Step 1: Set up the hypotheses and check conditions.
One Mean t-test Hypotheses
Left-Tailed
\(H_0\colon \mu=\mu_0\)
\(H_a\colon \mu<\mu_0\)
Right-Tailed
\(H_0\colon \mu=\mu_0\)
\(H_a\colon \mu>\mu_0\)
Two-Tailed
\(H_0: \mu=\mu_0\)
\(H_a: \mu\ne \mu_0\)
Conditions: The data comes from an approximately normal distribution, or the sample size is at least 30.
Step 2: Decide on the level of significance \(\boldsymbol{(\alpha)}\).
Typically, 5%. If \(\alpha\) is not specified, use 5%.
Step 3: Calculate the test statistic.
One Mean t-test: \[t^*=\dfrac{\bar{x}-\mu_0}{\frac{s}{\sqrt{n}}}\]

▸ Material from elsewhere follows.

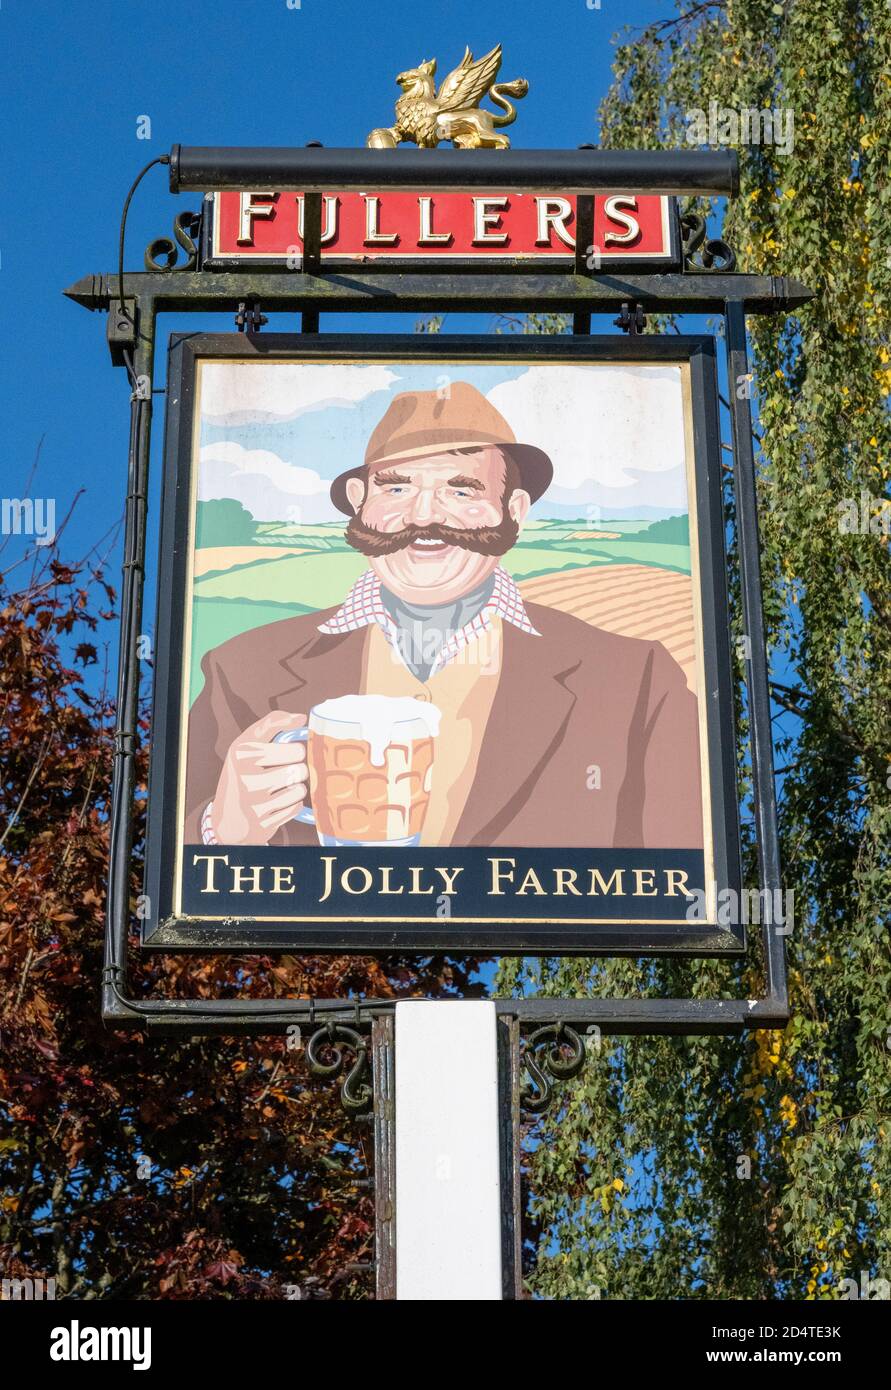 Traditional hanging pub sign at The Jolly Farmer a Fullers Pub and Restaurant, Blacknest, Alton, Hampshire, England, UK Stock Photo

The first few steps (Step 1 - Step 3) are exactly the same as the rejection region or p-value approach. The next part will discuss steps 4 - 6 for both approaches.
Rejection Region Approach
Steps 4-6
Step 4: Find the appropriate critical values for the tests. Write down clearly the rejection region for the problem.
Reject \(H_0\) if \(t^* \le z_\alpha\)
Reject \(H_0\) if \(t^* \ge t_{1-\alpha}\)
Reject \(H_0\) if \(|t^*| \ge |t_{\alpha/2}|\)
Step 5: Make a decision about the null hypothesis.
Check to see if the value of the test statistic falls in the rejection region. If it does, then reject \(H_0\) (and conclude \(H_a\)). If it does not fall in the rejection region, do not reject \(H_0\).
Step 6: State an overall conclusion.
P-Value Approach
Steps 4-6
Step 4: Compute the appropriate p-value based on our alternative hypothesis.
- If \(H_a\) is right-tailed, then the p-value is the probability the sample data produces a value equal to or greater than the observed test statistic.
- If \(H_a\) is left-tailed, then the p-value is the probability the sample data produces a value equal to or less than the observed test statistic.
- If \(H_a\) is two-tailed, then the p-value is two times the probability the sample data produces a value equal to or greater than the absolute value of the observed test statistic.
Left-Tailed
\(P(t \le t^*)\)
Right-Tailed
\(P(t\ge t^*)\)
Two-Tailed
\(2 \times P(t \ge |t^*|)\)
Step 4: Step 5: Make a decision about the null hypotheses.
If the p-value is less than the significance level, \(\alpha\), then reject \(H_0\) (and conclude \(H_a\)). If it is greater than the significance level, then do not reject \(H_0\).
Step 6: State an overall conclusion.
Example 6.9 (Length of Lumber)
Continuing with Example 6.8, the mean length of the lumber is supposed to be 8.5 feet. A builder wants to check whether the shipment of lumber she receives has a mean length different from 8.5 feet. If the builder observes that the sample mean of 61 pieces of lumber is 8.3 feet with a sample standard deviation of 1.2 feet, what will she conclude? Conduct this test at a 1% level of significance.
Conduct the test using the Rejection Region approach and the p-value approach.
Answer
Step 1: Set up the hypotheses and check conditions.
Set up the hypotheses (since the research hypothesis is to check whether the mean is different from 8.5, we set it up as a two-tailed test):
\[H_0\colon \mu=8.5 \text{ vs. } H_a\colon \mu\ne 8.5\]
Can we use the t-test? The answer is yes since the sample size of 61 is sufficiently large (greater than 30).
Step 2: Decide on the significance level, \(\alpha\).
According to the question, \(\alpha = 0.01\).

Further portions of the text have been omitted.